You are viewing a plain text version of this content. The canonical link for it is here.
Posted to java-user@lucene.apache.org by Jong Kim <jk...@sitescape.com> on 2006/11/21 16:36:55 UTC
Use case for term vector's token position/offset?
Hi,
When I look at org.apache.lucene.document.Field.TermVector,
it defines the following 5 options as to the detailed info
that can be stored wrt term vectors.
1. NO
2. WITH_OFFSETS
3. WITH_POSITIONS
4. WITH_POSITIONS_OFFSETS
5. YES
It isn't difficult to understand where the basic term vector
information (ie, terms and their number of occurences - option 5)
might be useful. I believe it can be used to implement features
like "concept search" or "more like this" functionalities.
However, it isn't clear to me how the other extra info (ie,
token position information and/or token offset information)
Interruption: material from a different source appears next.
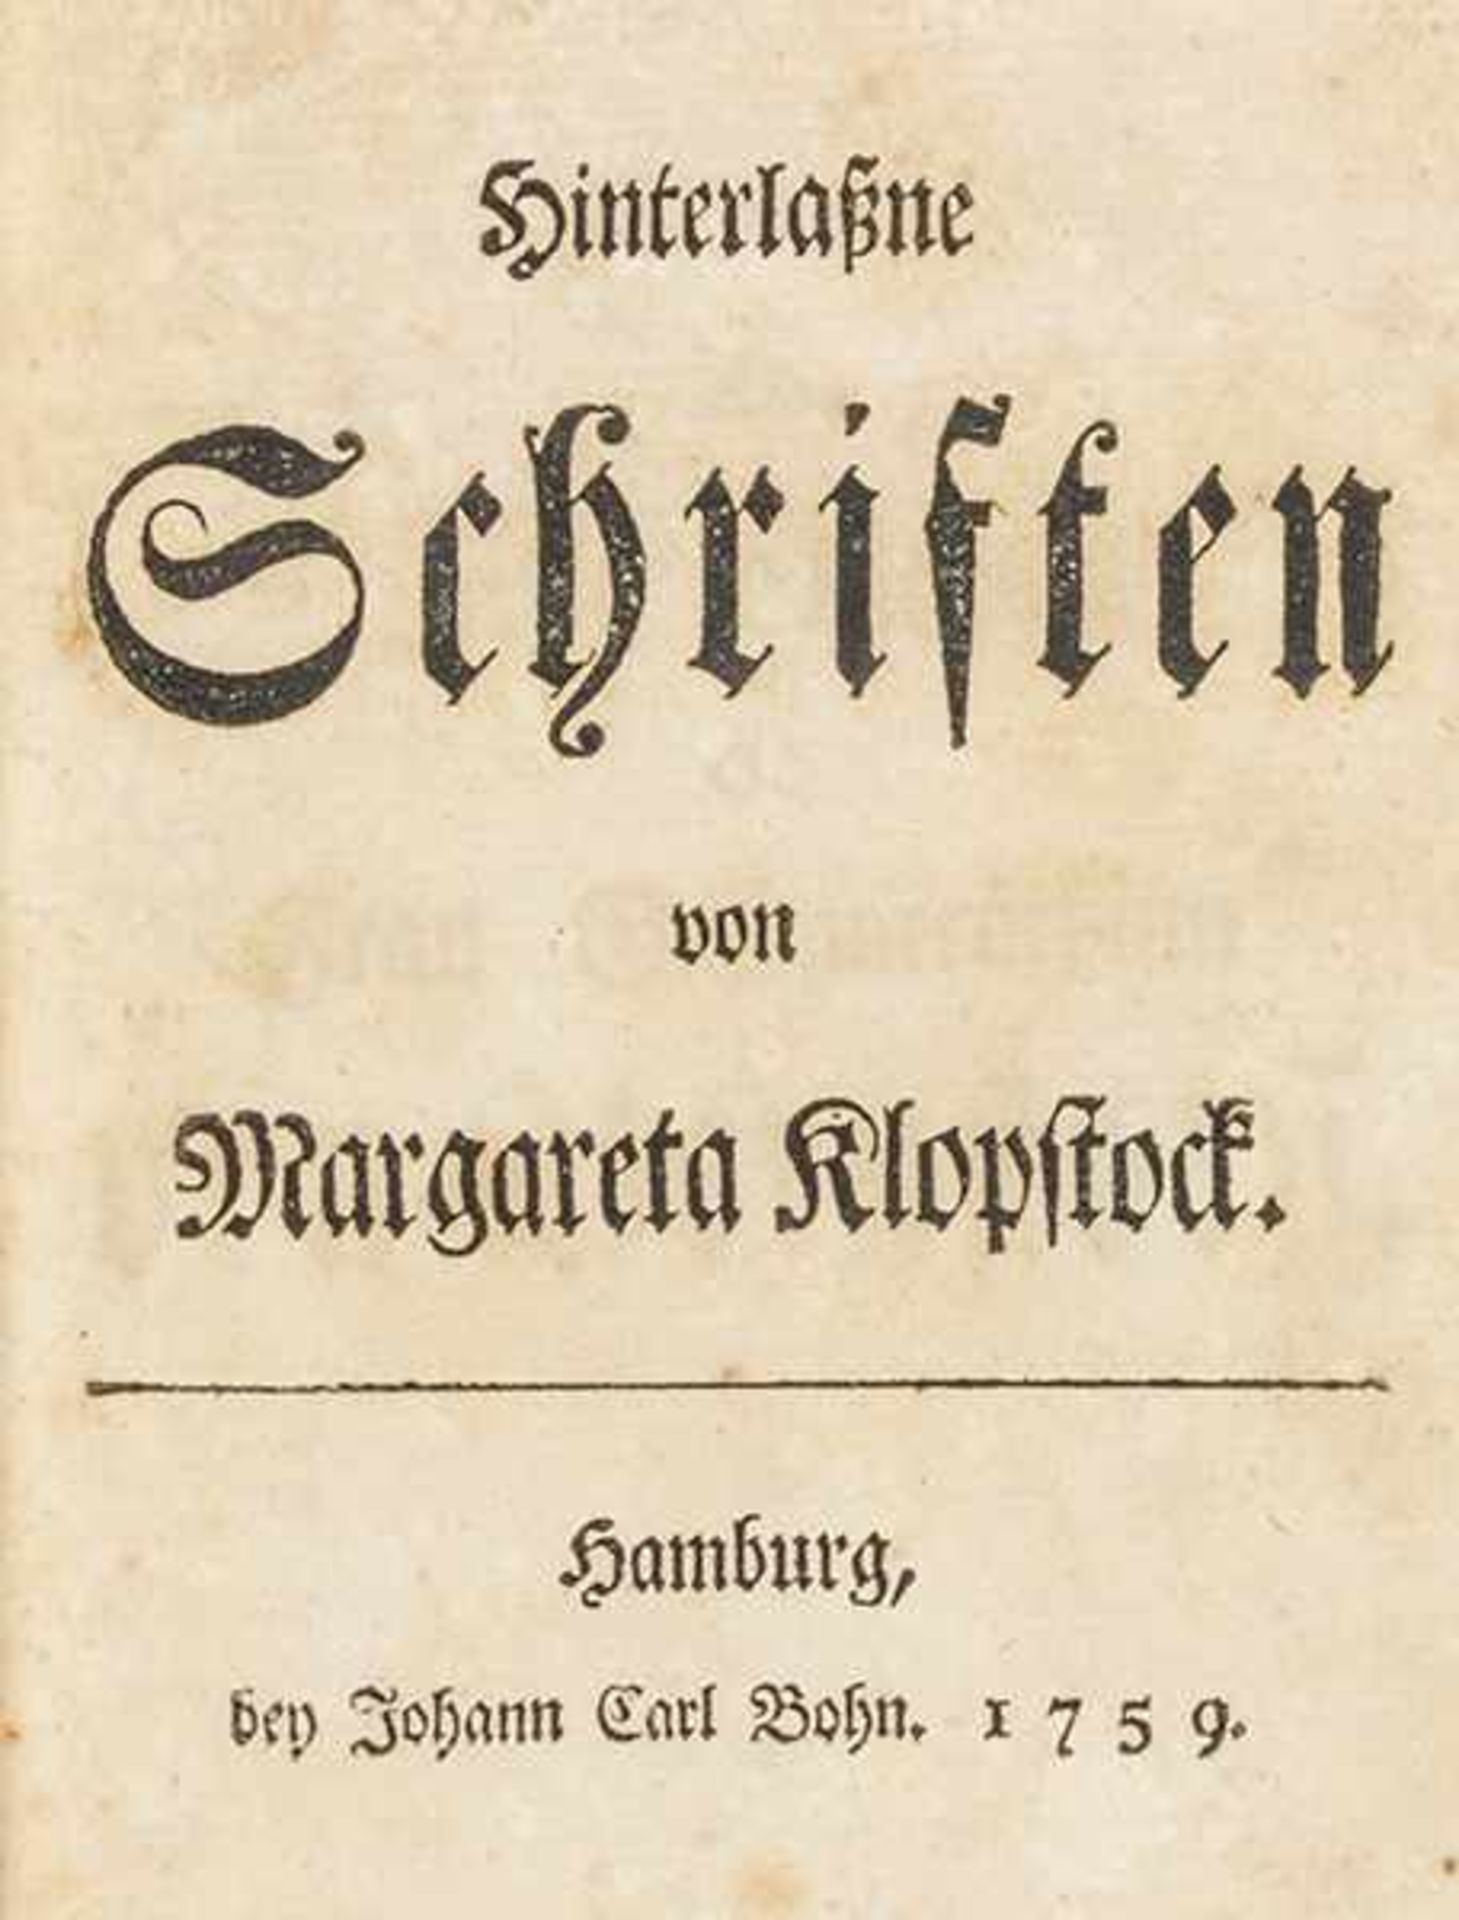 Klopstock, Margareta. Hinterlaßne Schriften. Bohn, Hamburg, 1759. LXXXIV, 84 S. 20,5 x 12,5 cm.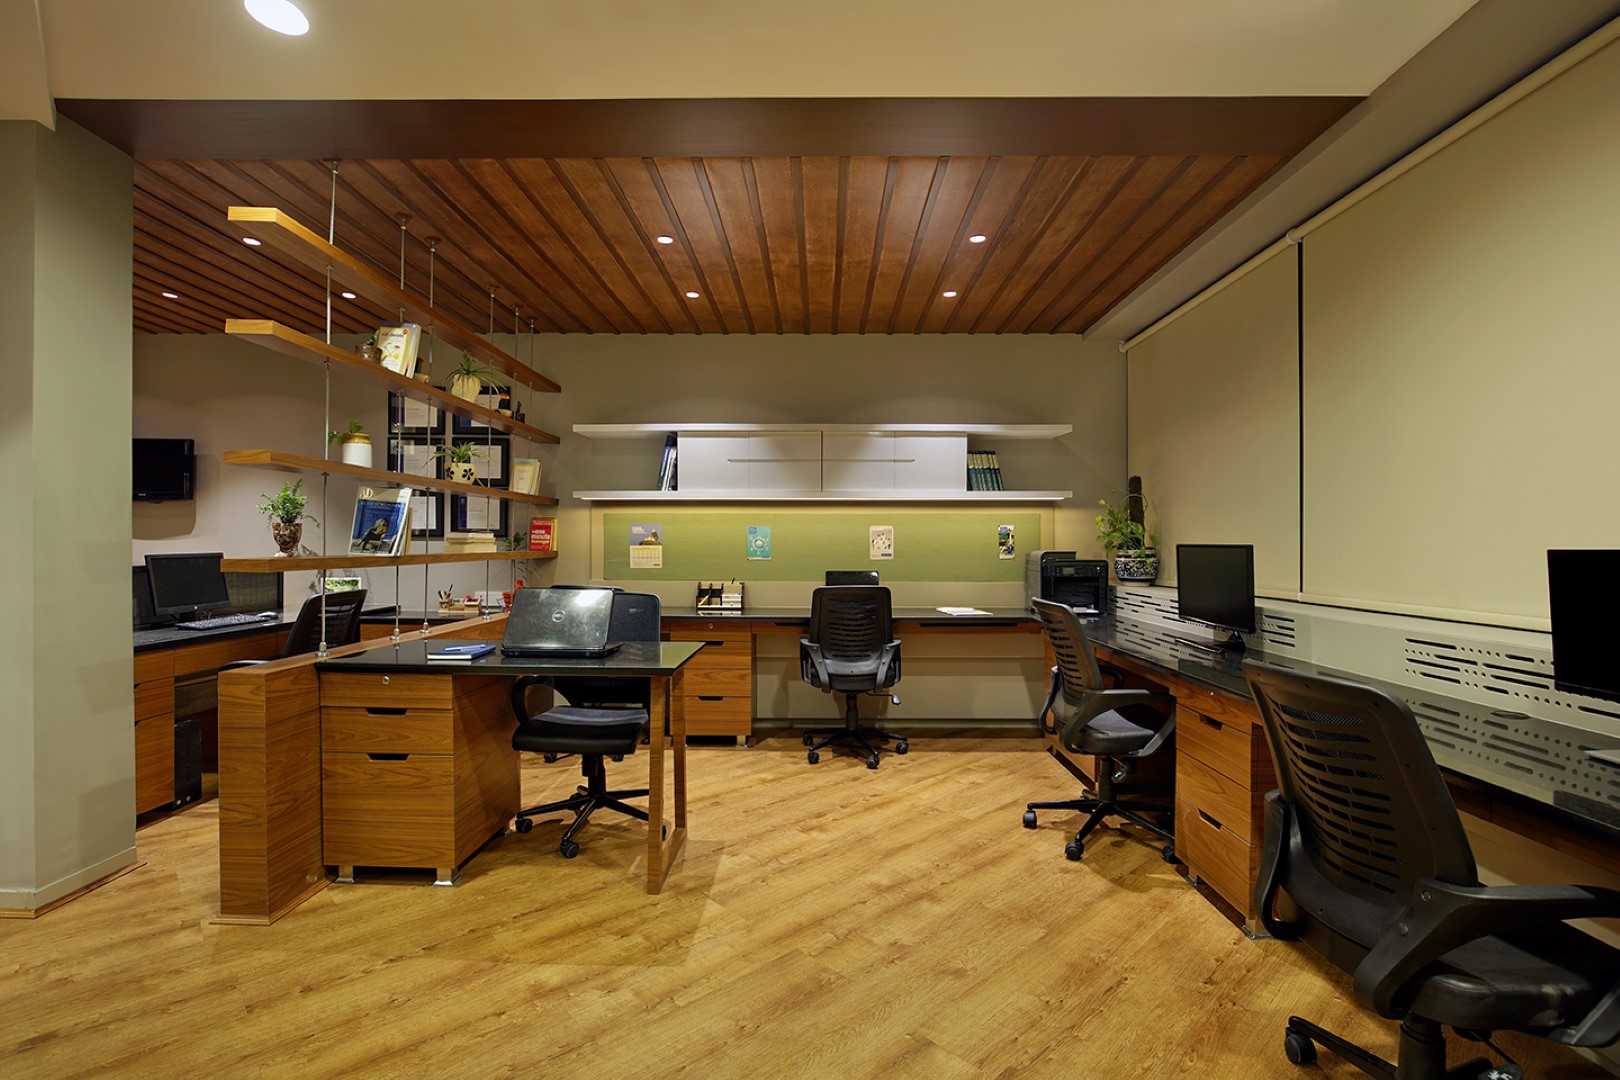 Top 7 Office Interior Design Tips

might be used? Can anyone help me understand what kind of
(advanced) search techniques people use these extra
information for, or even better, any pointer to real world
examples?
Thanks
/Jong
---------------------------------------------------------------------
To unsubscribe, e-mail: java-user-unsubscribe@lucene.apache.org
For additional commands, e-mail: java-user-help@lucene.apache.org
Re: Use case for term vector's token position/offset?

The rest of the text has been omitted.